The streamlined but wingless pods kept low to the ground, their sensors looking for heat anomalies, although they could pick up obvious tracks.

Why did they go in that direction? As he recalled, the ‘borg had been fixated on that vector…and then on his shooting position. They might be following its line of sight.

The bumble-drones came back. He watched over the sights through the small tunnel he had created with the rug. They were still a couple of kilometres off to the southwest.

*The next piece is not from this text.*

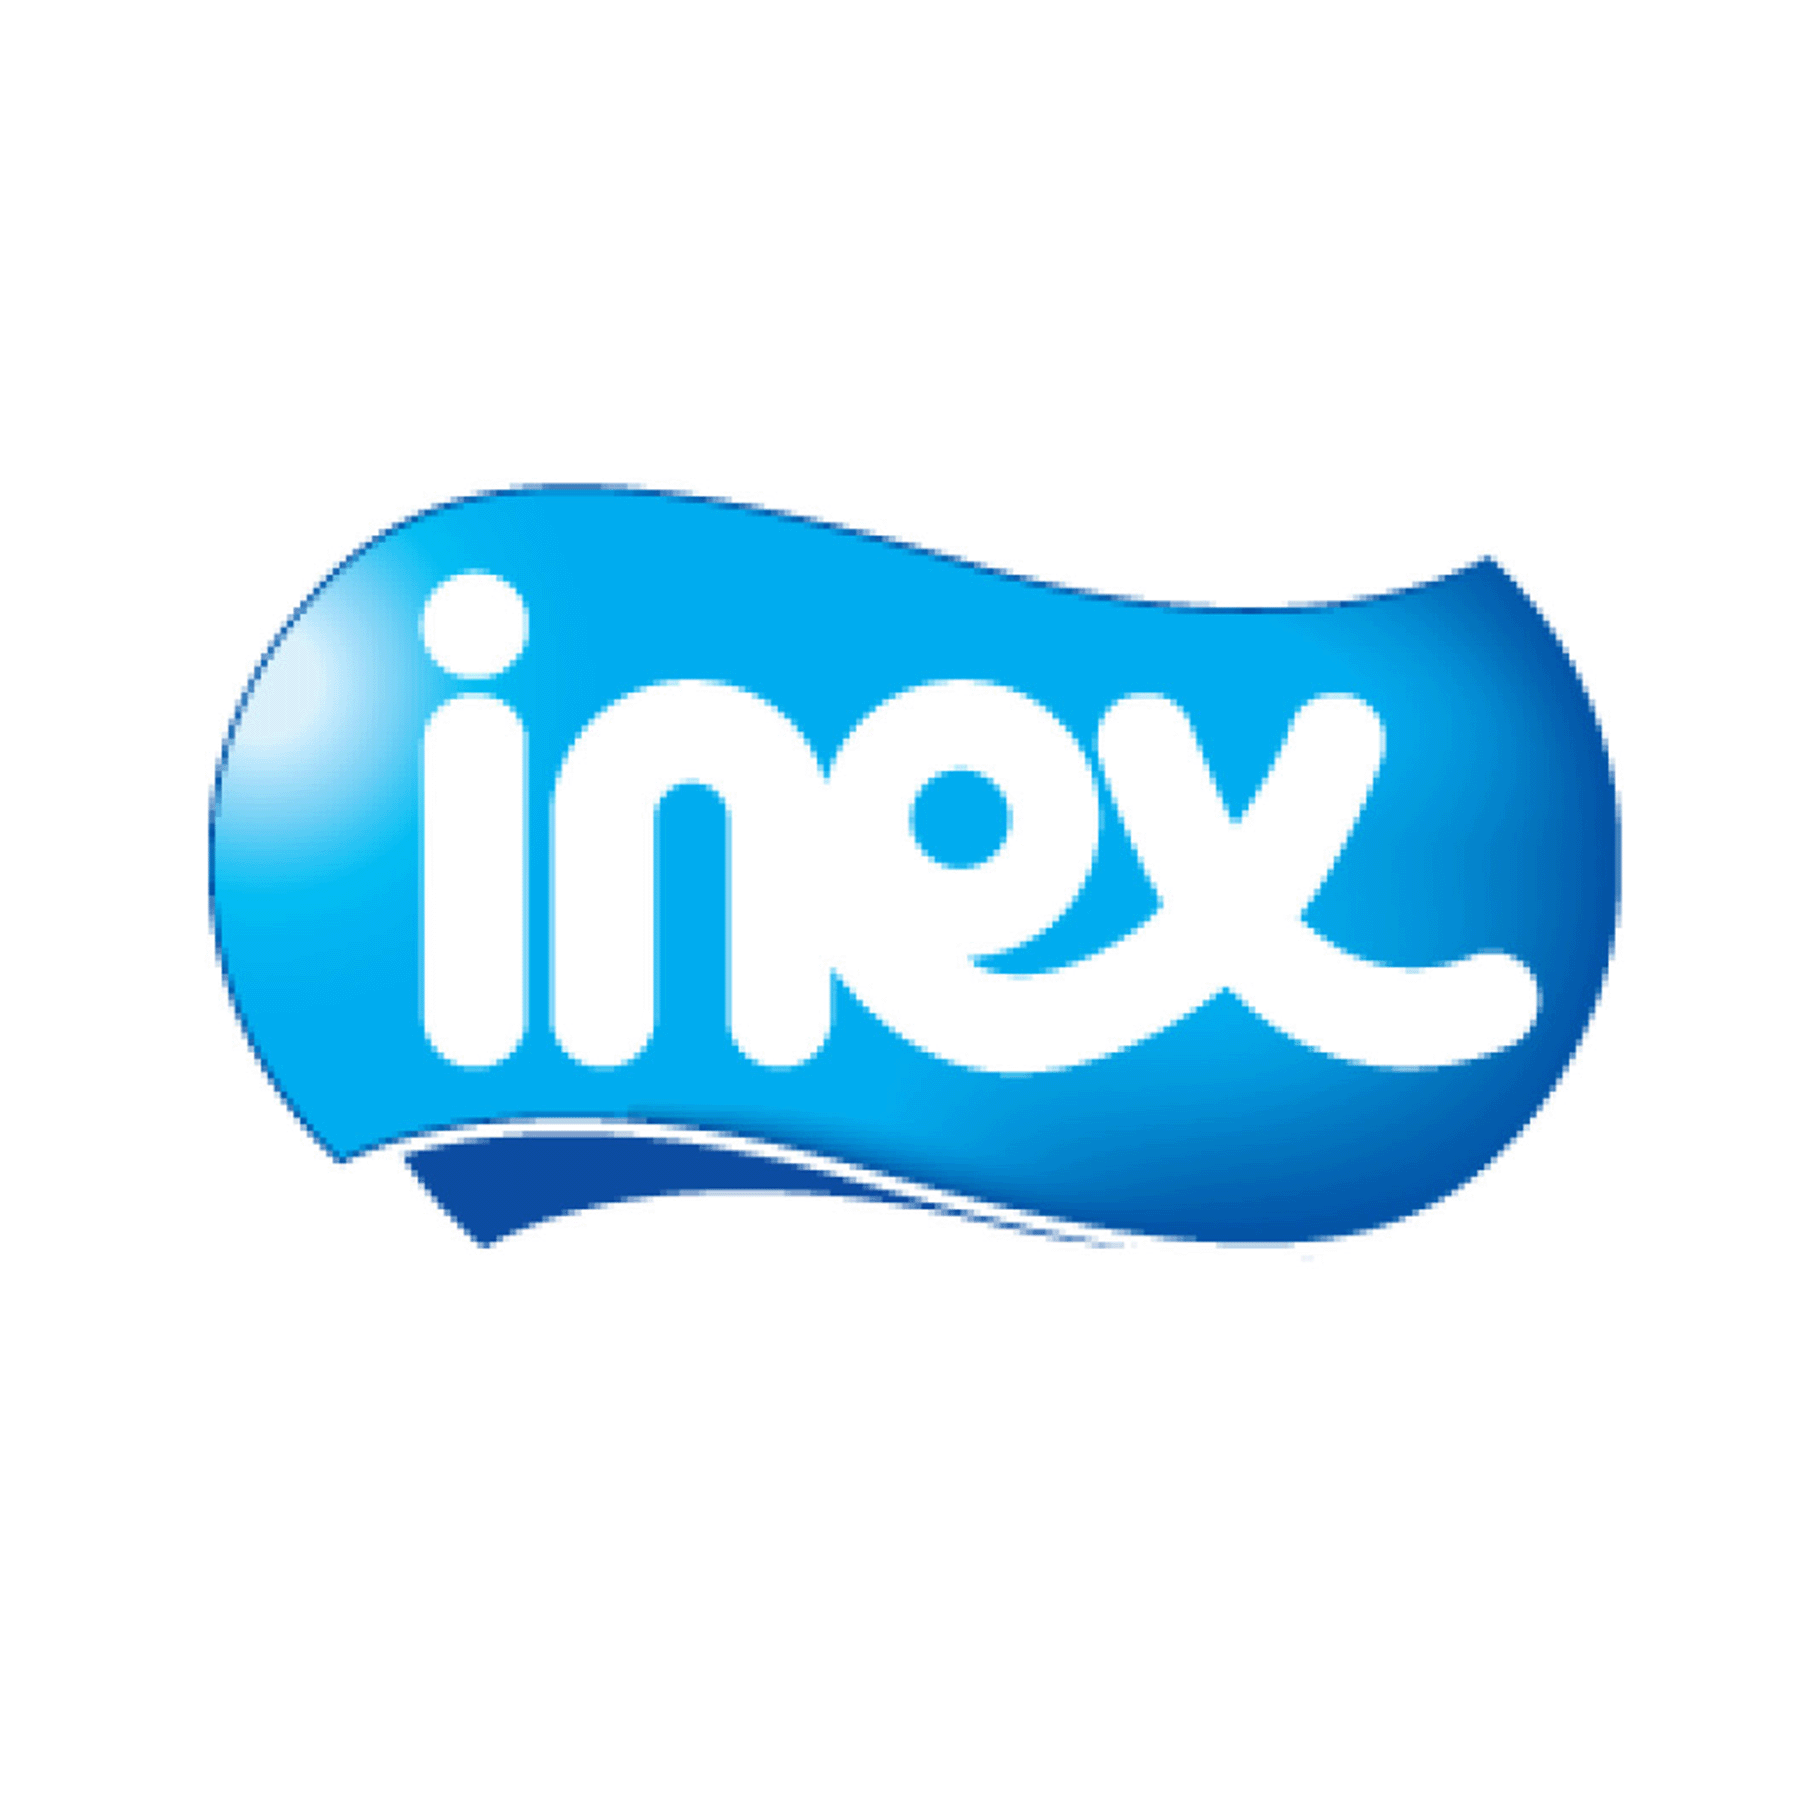 Inex merk

Risking some small movement, he took out the water bag and had another sip. Putting it away, he considered his position.


There were nine or ten hours of daylight left and then his heat signature would give him away, but only within the range of their sensors, and only if they came back around here.

He took a deep breath, gave his head a little shake, and allowed a kind of calm to ebb and flow. After a time, his eyelids grew heavy.

Deep down inside, he was pretty sure he had gotten away with it.

In a month or so, he could come back during the dual-moon period, and make a proper job of it.

The head, with its sleek occipitals and pugnacious jaws, would make quite a trophy over his fireplace.